The workers were real tired by then. Working in the heat all day then well past midnight before they were trying to figure out the issue was. Stirred up some old ghosts of working a full from sunrise to……sunrise again. I had worked all day too but not in the heat. We were all whipped by 5am. 

The insta-flood setting on the headlamp kept me from tripping over my own feet by 2am CG. Apparently that one is popular with mechanics but I find it very handy for home repairs, at work at night or just taking a stroll in the woods.


----------



## scout24 (Aug 13, 2019)

Nice beamshots, Bykfixer. 👍


----------



## id30209 (Aug 13, 2019)

^^^ and interesting read.


----------



## greenpondmike (Aug 14, 2019)

I like that maglite and the headlight the best. All of them were neat bykfixer. Cool beamshots--I like beamshots.


----------



## Nitroz (Aug 14, 2019)

That headlight is an awesome design with the filter to turn the spot beam into flood. Nice! 

Sent from my SM-G965U1 using Candlepowerforums mobile app


----------



## KITROBASKIN (Aug 14, 2019)

Sir fixer:
I try to read everything you write down on CPF, and fondly remember your generosity. The question I posed succeeded in you making another interesting post! 

You tell it like it is.


----------



## bykfixer (Aug 15, 2019)

There was a time not that long ago I would have had an incan minimag with 2 year old batteries in it.
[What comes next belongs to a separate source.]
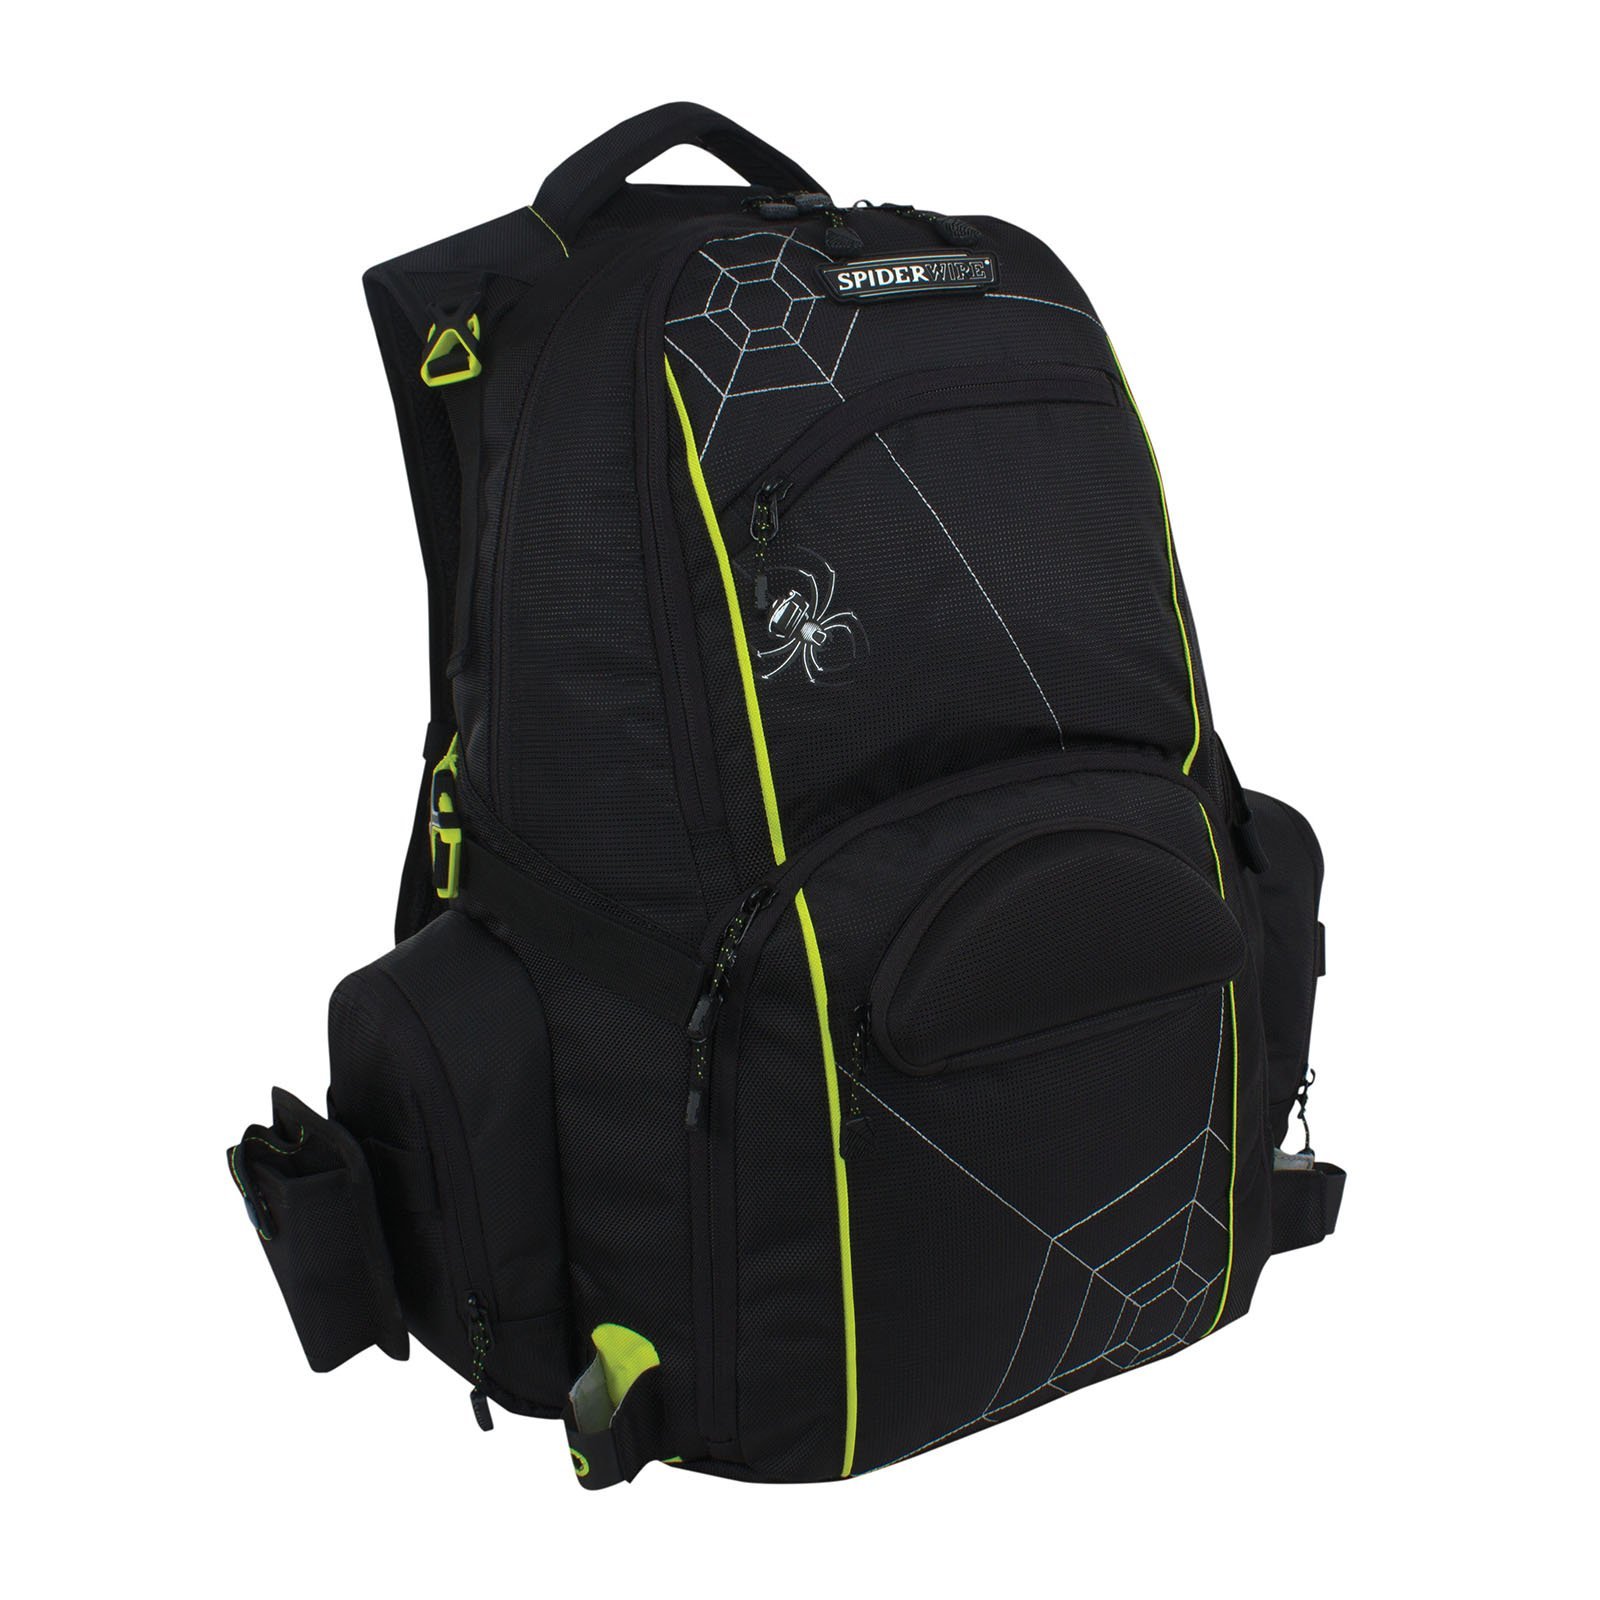 Spiderwire Fishing Tackle Backpack with 3 Medium Utility Boxes SPB006 - image 1 of 5

Funny how life works. Next time I'll carry a 300 lumen minimag. 

In a couple of weeks there'll be a repeat of the operation. I'll still have the headlamps, Maglites, the Coast and Elzetta Bones as they ride in the truck. Another SureFire 6P will be used (w/M361W) a PKDL PL2, a SOG DE-05 and perhaps a classic S&R light from pre-Maglite days like a 5D 3rd gen Kel-Lite or a Malkoff'd 3D Maglite. Or the older fellow may say "screw day work I'll do the next one".


----------



## PartyPete (Aug 16, 2019)

Loaning lights to coworkers?! The phrase alone is almost enough to give me an anxiety attack.


----------



## bykfixer (Aug 28, 2019)

Another all nighter is slated for tonight. Paving of a bank parking lot in a well lit metropolis where there will be a lot of action in a small area. Tonights assignment won't involve much excitement but the 5 arm chair quarterback engineers some 500 miles away will be critiquing the final product from their computer screen. 
The big challenge will be photographing the during and after. 
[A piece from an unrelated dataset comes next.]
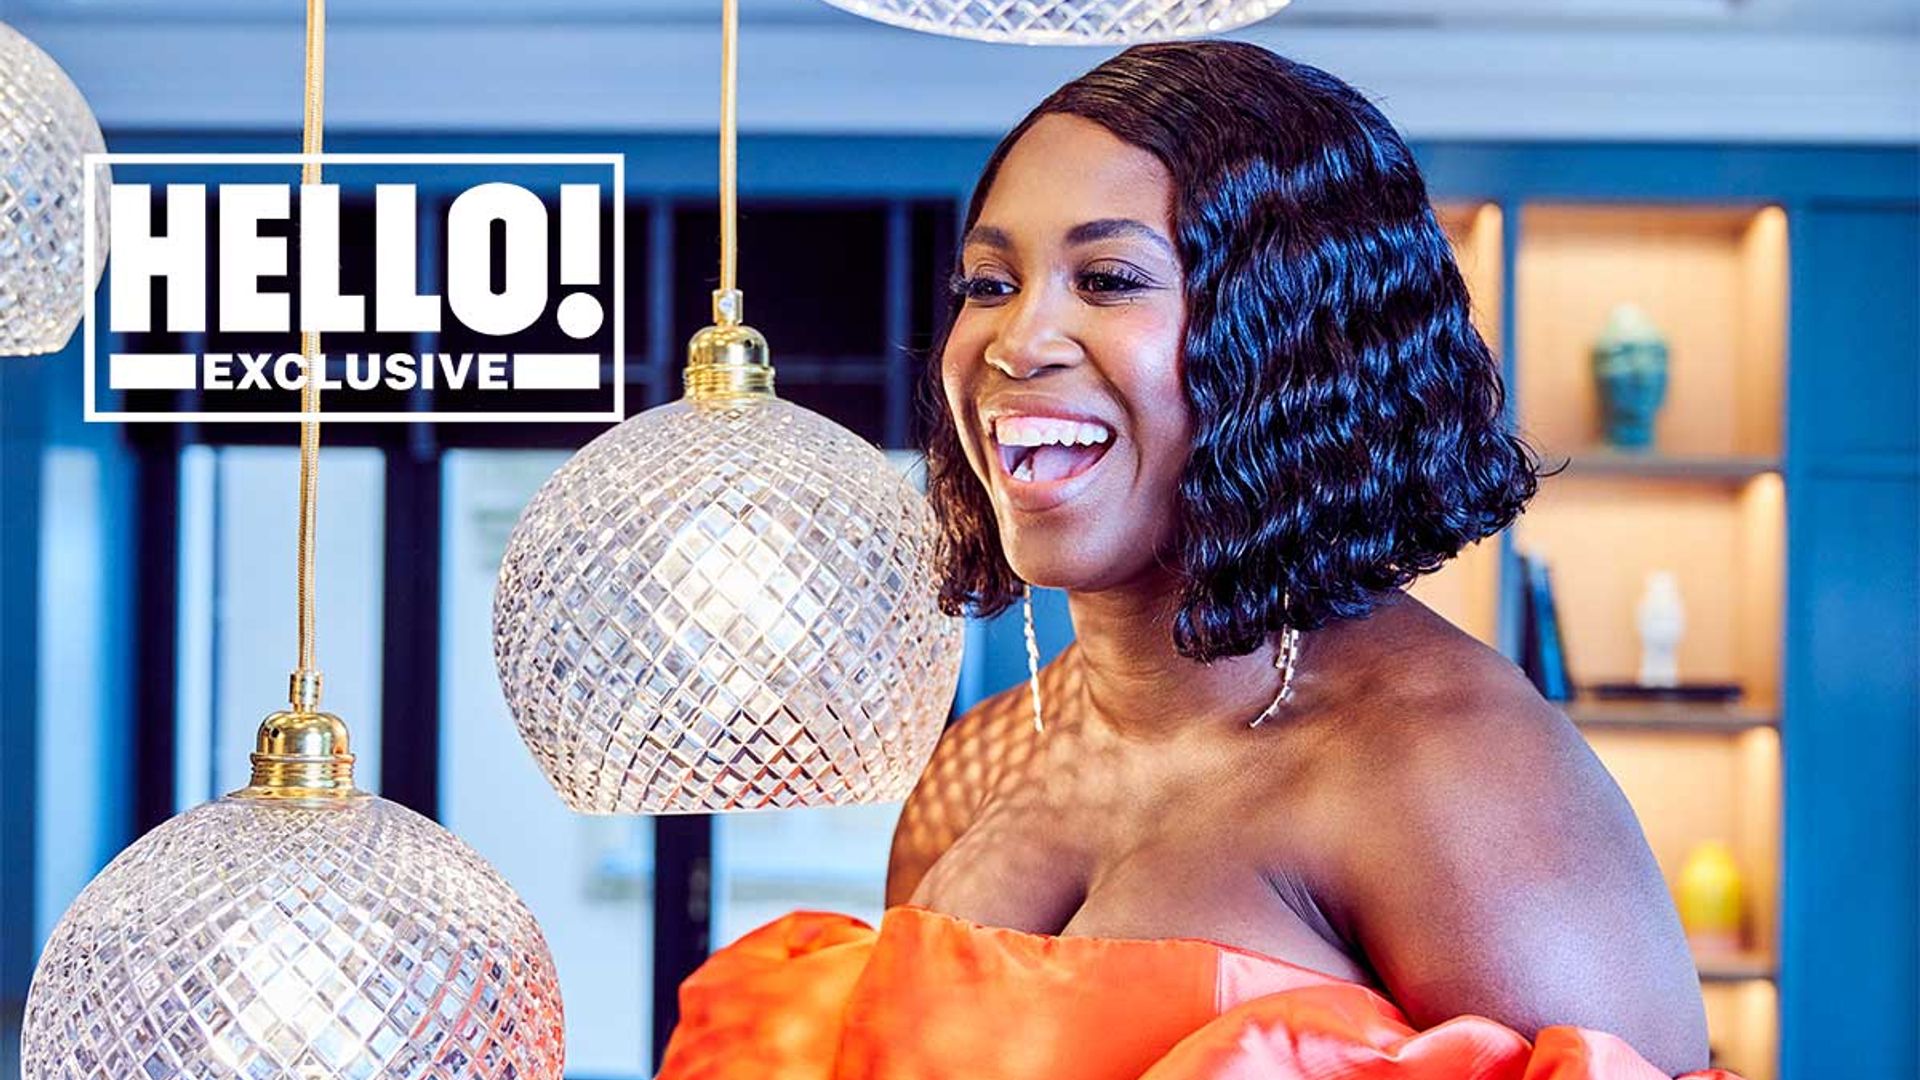 Exclusive: Strictly Come Dancing judge Motsi Mabuse shares excitement over show's return

Now most never consider how much pitch (ie slope) is built in specific areas of a given parking lot until it rains and they are walking in puddles. Yet these 5 engineers have drawn on a flat piece of paper a bunch of numbers that a typical construction worker is supposed to duplicate with less than accurate materials and tools. The story behind this one is a large company has bought a bunch of small banks that did not have ADA compliant entrances. ADA is American Disabilities Act, which is a bearuracracy tasked with ensuring folks in wheels chairs, the blind or other folks with limited abilities can safely and easily enter these banks. The same folks who brought you brail numbers at the drive up ATM designed these changes required to this particular bank. 
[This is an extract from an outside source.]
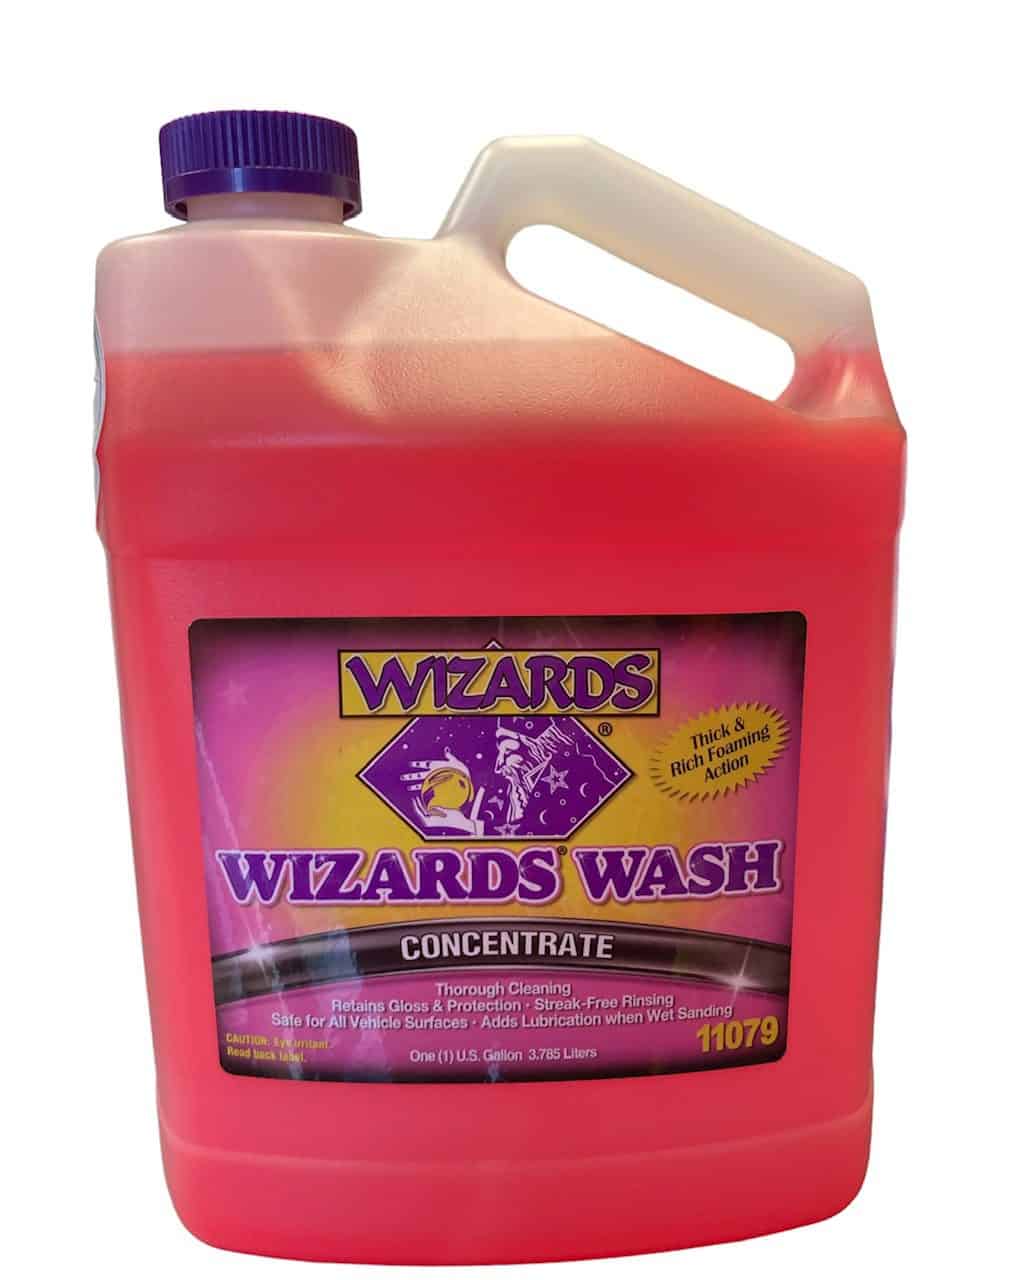 WIZARDS 11079 Super Concentrated Car Wash, 1 gal 2

The design involves some really really really flat areas of a parking lot, yet water is not supposed to pond in these areas. Numerous projects have taken place where the contractor understands standing water means frozen ponds in the winter. They built things to shed the water. Yet the slopes were deemed too steep to meet ADA requirements. Think about it this way. You are driving down the road with your right side front tire going flat. Your steering would naturally pull you towards the right. Well the thinking by the ADA folks is a sidewalk with too much slope would be the same for a person in a wheelchair. Makes sense but… physics requires some slope to make water drain away from the sidewalk. The engineers have used theoretical numbers based on fluid dynamics to imagine water can drain at really flat grades. They have applied those numbers to a piece of paper the contractor is supposed to match. 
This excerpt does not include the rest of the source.